Le document souligne en outre les défis éthiques et les opportunités offerts par le potentiel de DishBrain pour accélérer considérablement notre compréhension de maladies telles que l’épilepsie et la démence.

« Les lignées cellulaires actuelles utilisées dans la recherche médicale ont principalement une ascendance génétique de type européen, ce qui rend potentiellement plus difficile l’identification des effets secondaires liés à la génétique », explique le co-auteur, le Dr Christopher Gyngell, chercheur en éthique biomédicale au Murdoch Children’s Research Institute et au The Université de Melbourne.

Brett Kagan

Dr Bret Kagan, Laboratoires corticaux. Crédit : Laboratoires corticaux

« Dans les futurs modèles de dépistage de médicaments, nous avons la possibilité de les rendre plus suffisamment représentatifs des patients du monde réel en utilisant des lignées cellulaires plus diversifiées, ce qui signifie un développement de médicaments potentiellement plus rapide et meilleur. »

Considérations environnementales

Les chercheurs soulignent qu’il vaut la peine d’aborder ces questions morales, car l’impact potentiel de la bio-informatique est important.

« L’informatique basée sur le silicium est extrêmement gourmande en énergie, un superordinateur consommant des millions de watts d’énergie. En revanche, le cerveau humain n’utilise que 20 watts d’énergie – les intelligences biologiques feront preuve d’une efficacité énergétique similaire », explique le Dr Kagan.

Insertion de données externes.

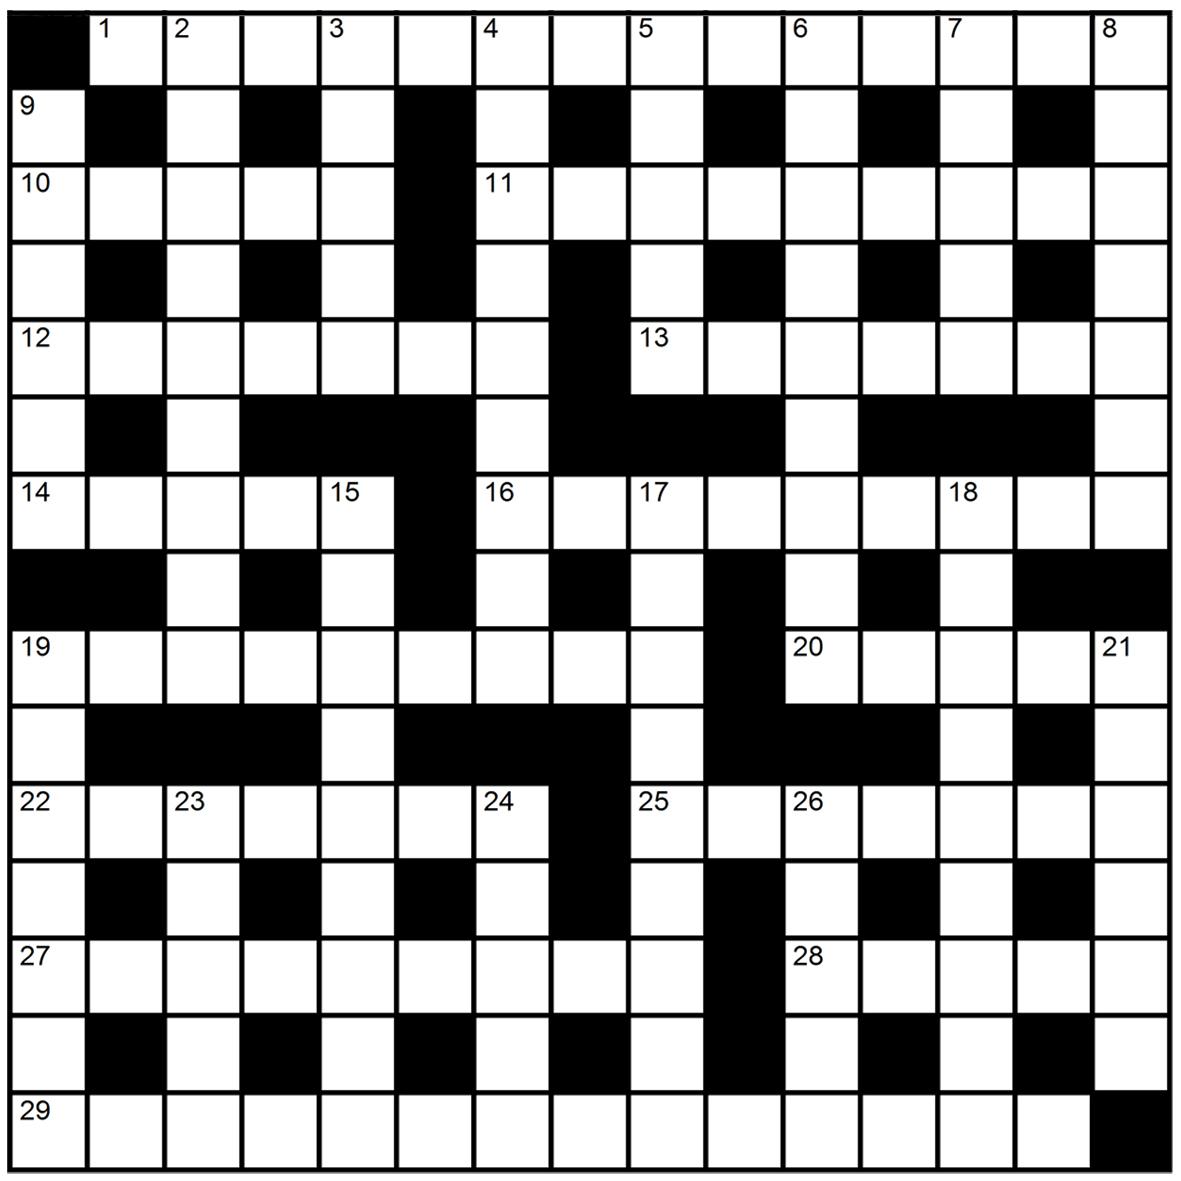 Crossword 5 new scientist for Fishing net crossword clue

« Dans l’état actuel des choses, l’industrie informatique contribue énormément aux émissions de carbone. Si même un nombre relativement restreint de tâches de traitement pouvaient être effectuées avec des bio-ordinateurs, il existe une raison environnementale impérieuse d’explorer ces alternatives.

L’étude a été financée par le Wellcome Trust, le Conseil national de la recherche médicale du ministère de la Santé de Singapour et le gouvernement de l’État de Victoria.